• Авторизация


В ИНСТИТУТЕ 09-03-2009 16:45 к комментариям - к полной версии - понравилось!


Всех принятых в институт студентов собрали в вестибюле старого корпуса на втором этаже. Нас предупредили, что занятия начнутся в октябре. Но каждый студент должен отработать энное количество часов на строительстве нового корпуса. Нам предложили написать, в каком месяце для каждого из нас желательно отработать на стройке. Я записалась на сентябрь, и мы всей семьей поехали отдыхать в Феодосию.
Экзамены с нервотрепкой остались позади, радость бурлила во мне, и я принялась на отдыхе рисовать иллюстрации к «12 стульям», наслаждаясь юмором, хороводом персонажей, ставших уже нарицательными.
У нашей квартирной хозяйки в комнате, где мы обитали, была прекрасная библиотека: полные собрания сочинений Чехова, Куприна, Толстого, Лермонтова, энциклопедия Брокгауза –Эфрона, Цветаева, зарубежные доселе не читаные авторы. Море, книги, отдых, сон— все было прекрасно.
Лето 1968 года. Вдруг отцу пришла телеграмма (военные на отдыхе непременно регистрировались в местном военкомате): срочно прибыть по месту службы. Начались события в Чехословакии. Отец жил в Харькове на казарменном положении, мать дергалась, боясь, что мы, в случае чего, не сможем уехать из Феодосии. Если раньше мы уезжали на катере на Золотой пляж, то теперь сидели на забитом битком городском пляже, занимая топчаны в 5 утра и прислушиваясь к новостям из репродуктора. В состоянии тревоги мы «доотдыхали» и вернулись в Харьков.

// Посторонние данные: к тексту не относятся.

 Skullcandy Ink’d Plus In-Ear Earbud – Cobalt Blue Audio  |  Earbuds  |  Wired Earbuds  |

Дома меня ждал еще один сюрприз: открытка из института, в которой требовалось немедленно явиться для прохождения практики в день, который уже давно прошел. Иначе будет рассматриваться вопрос об отчислении студентки Зеленченко из института.

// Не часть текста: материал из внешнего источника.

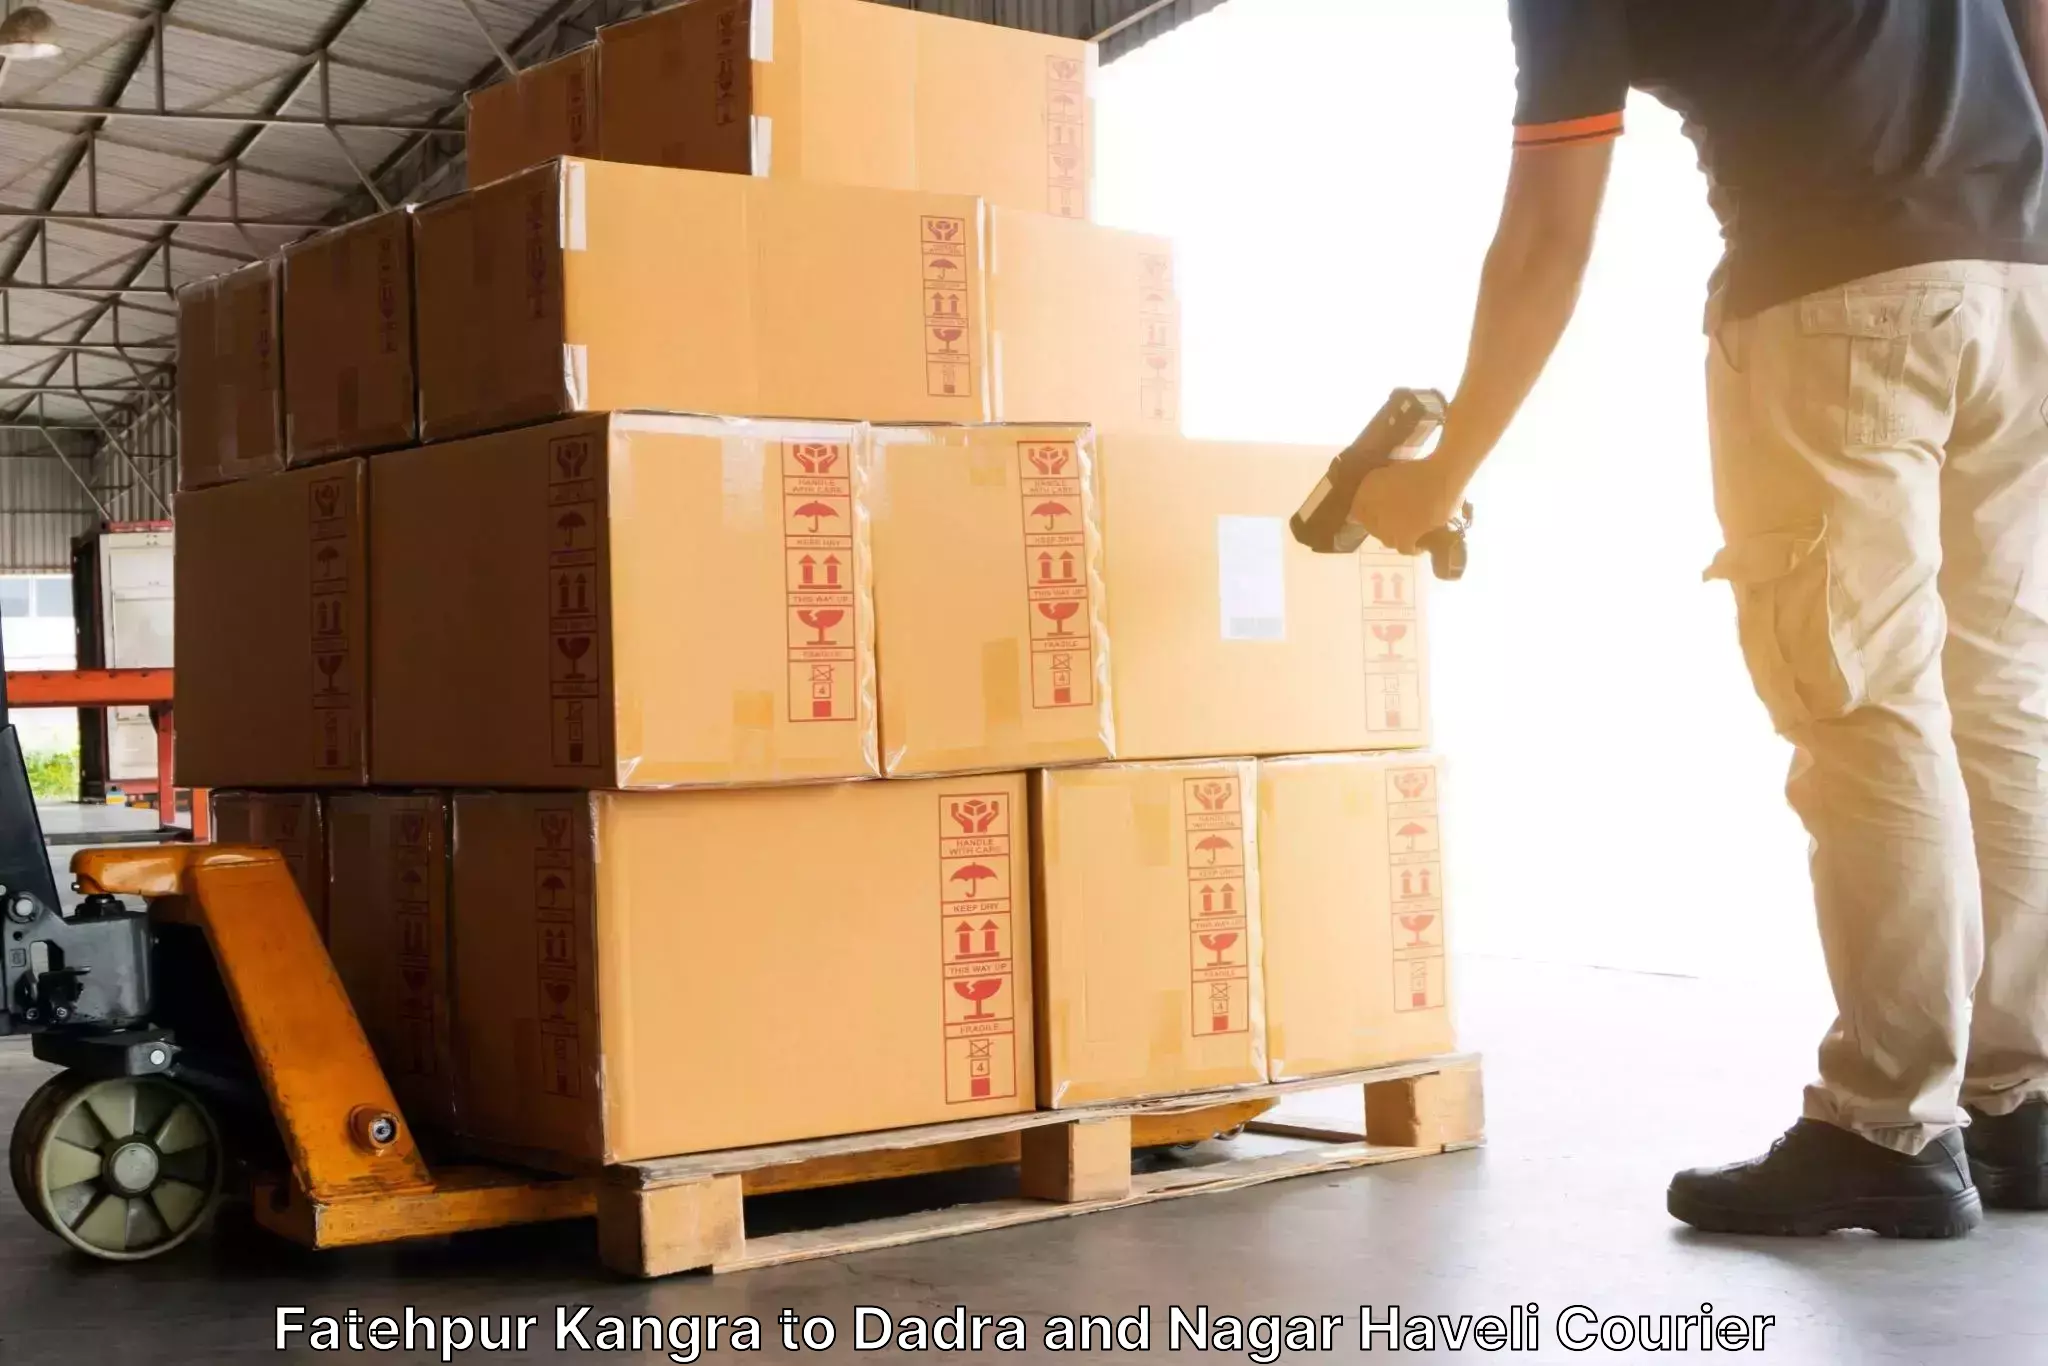 On-demand shipping options Fatehpur Kangra to Silvassa

Я помчалась в институт. В вестибюле, у входа, за столом сидел пожилой тучный дядя в кожаной куртке и зеленой велюровой шляпе. Запыхавшись, я показала ему открытку и спросила, что же мне делать? Дядька равнодушно прочел открытку, успокоил меня и сказал, чтобы я приходила прямо завтра, прихватив рабочую форму.
—Дедушка, а мне ничего не будет? Меня не выгонят?
— Нет, не переживай. Все будет нормально.
Дедушка оказался проректором по АХЧ.
На следующий день он определил мне «фронт работ». На террасе строящегося корпуса у подъемника была навалена куча цемента, перемешанного с камешками. Рядом сидела озлобленная тетка. В руке у нее был пульт с тремя кнопками: вверх, вниз и стоп. В мои обязанности входило загрузить подъемник раствором, тетка нажимала кнопку «вверх», подъемник поднимался вверх, где двое мускулистых парней быстро разгружали кучу, тетка нажимала кнопку «вниз». И подъемник вновь был в моем распоряжении.
Мне выдали совковую лопату. Цемент с камнями был очень тяжелый, меня, вместе с лопатой, заносило в сторону. Тетка покрикивала на меня: «Полней загружай! Быстрей шевелись!» Сверху, свесившись с крыши террасы, за мной наблюдали парни. Когда тетка вновь попыталась рявкнуть, я не сдержалась и заорала на нее: «Нечего тут на меня кричать! Как могу, так и загружаю! А не нравится, берите тоже лопату, а кнопки будем вместе нажимать». Регулировщица заткнулась. Тапки мои отсырели. Я чувствовала, что на этом «фронте работ» я погибну. К концу дня я прибежала к координатору работ.
—Дедушка, мне тяжело! И меня по тапкам током стукнуло!
«Дедушка» неожиданно растрогался: «Ладно, деточка, завтра определю тебя на другой фронт работ».
Назавтра работа была значительно полегче и гораздо веселей. В старом корпусе классы были высотой метров 5. На высоких лестницах, стоявших шалашиком, сидели ловкие студенты. Они мыли высокие окна и швыряли мне вниз грязные тряпки. Я полоскала тряпку в ведре и подбрасывала ее вверх. Мойщик ловил тряпку и продолжал мытье. А в это время вниз летела тряпка с соседней лестницы.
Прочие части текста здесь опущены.